We pick rows that cannot tell attribute
(column) 2 vs 3.

In [None]:
np.random.seed(1234)
sub_fact = np.array(full_factorial)[np.random.choice(full_factorial.shape[0], 20, replace=False), :]
sub_fact
sub_fact_orth = sub_fact[[ 0, 1, 3, 7, 9, 11, 12, 15],:]
sub_fact_orth

array([[ 800. ,    4.7,    1.8, 1000. ,    5.8,    1.8],
       [1200. ,    4.7,    1.8, 1000. ,    4.7,    3.2],
       [1000. ,    5.8,    3.2, 1000. ,    4.7,    1.8],
       [1200. ,    4.7,    1.8,  800. ,    5.8,    1.8],
       [ 800. ,    5.8,    3.2, 1000. ,    5.8,    3.2],
       [1000. ,    4.7,    1.8, 1200. ,    5.8,    1.8],
       [1000. ,    4.7,    1.8,  800. ,    5.8,    3.2],
       [ 800. ,    5.8,    3.2, 1000. ,    5.8,    1.8]])

In [None]:

deffic_mnl(sub_fact_orth, 2, betas)

0.028968245815118584

# The workflow

1) Define attributes and levels


2) Pilot Study to get some tentative Betas

3) Design of the Experiment

4) Design the Survey

5) Conduct the survey and data analysis

# Recommendations


* **Which variables should we choose?**
 Create an exhaustive list of attributes, the reduce it to a number between 3 to 7 by discarding some and merging others (important combinations of a pair of attributes).
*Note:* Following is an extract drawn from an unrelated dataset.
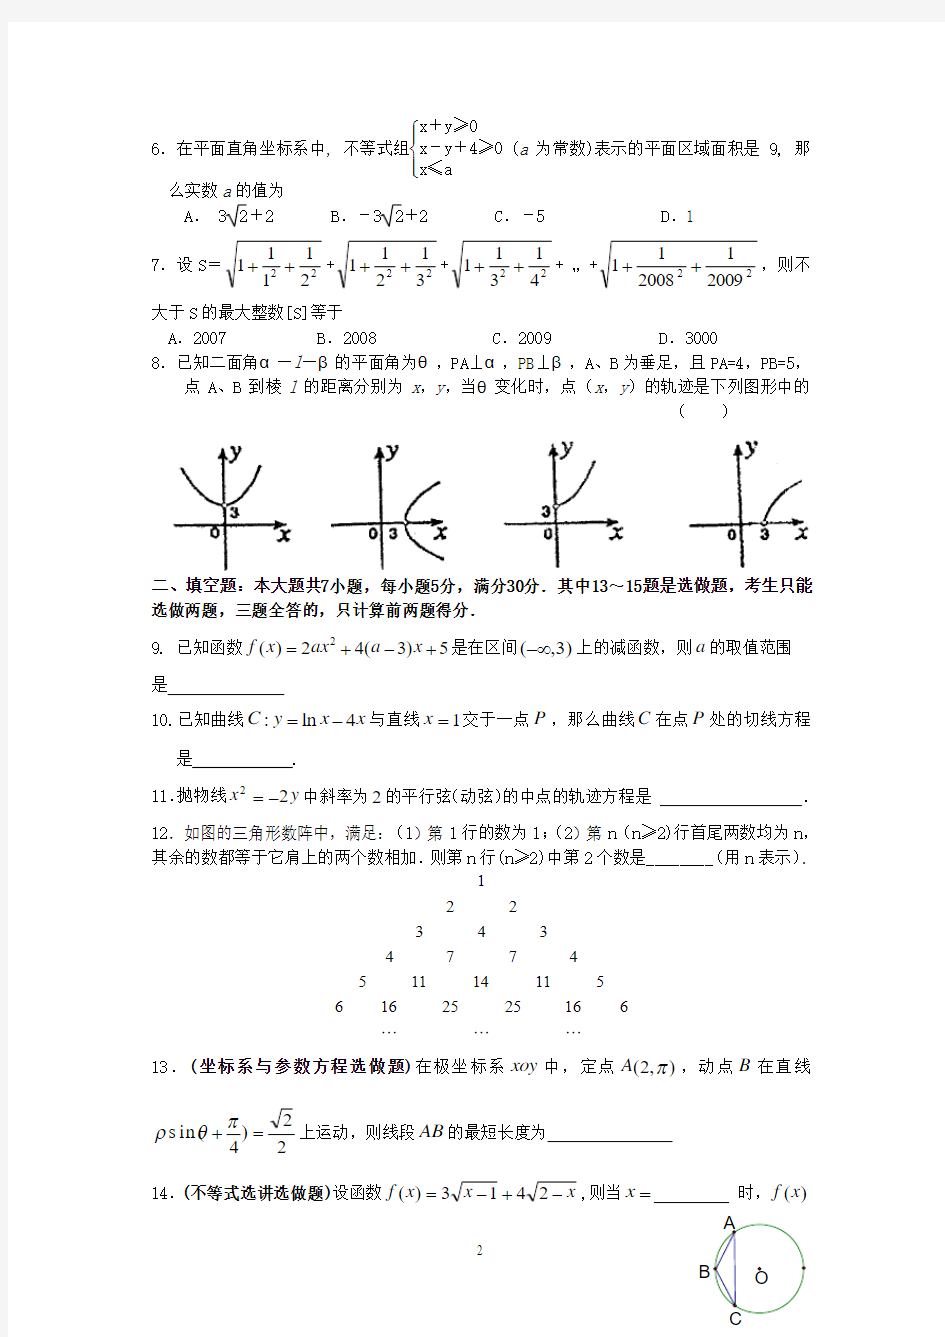 2014年高考理科数学总复习试卷第3卷题目及其答案

For example, screen size and speed can be merged if these do not really vary independently (i.i there are no small fast smartphones), just create a new categorical attribute with a few levels for the realistic combinations.

* **How do we choose the levels?**
 Try a large range and pick the best subset using a computer.

* **How many alternatives**
 From 2 to 3 alternatives can be handled by people before getting into decision fatigue.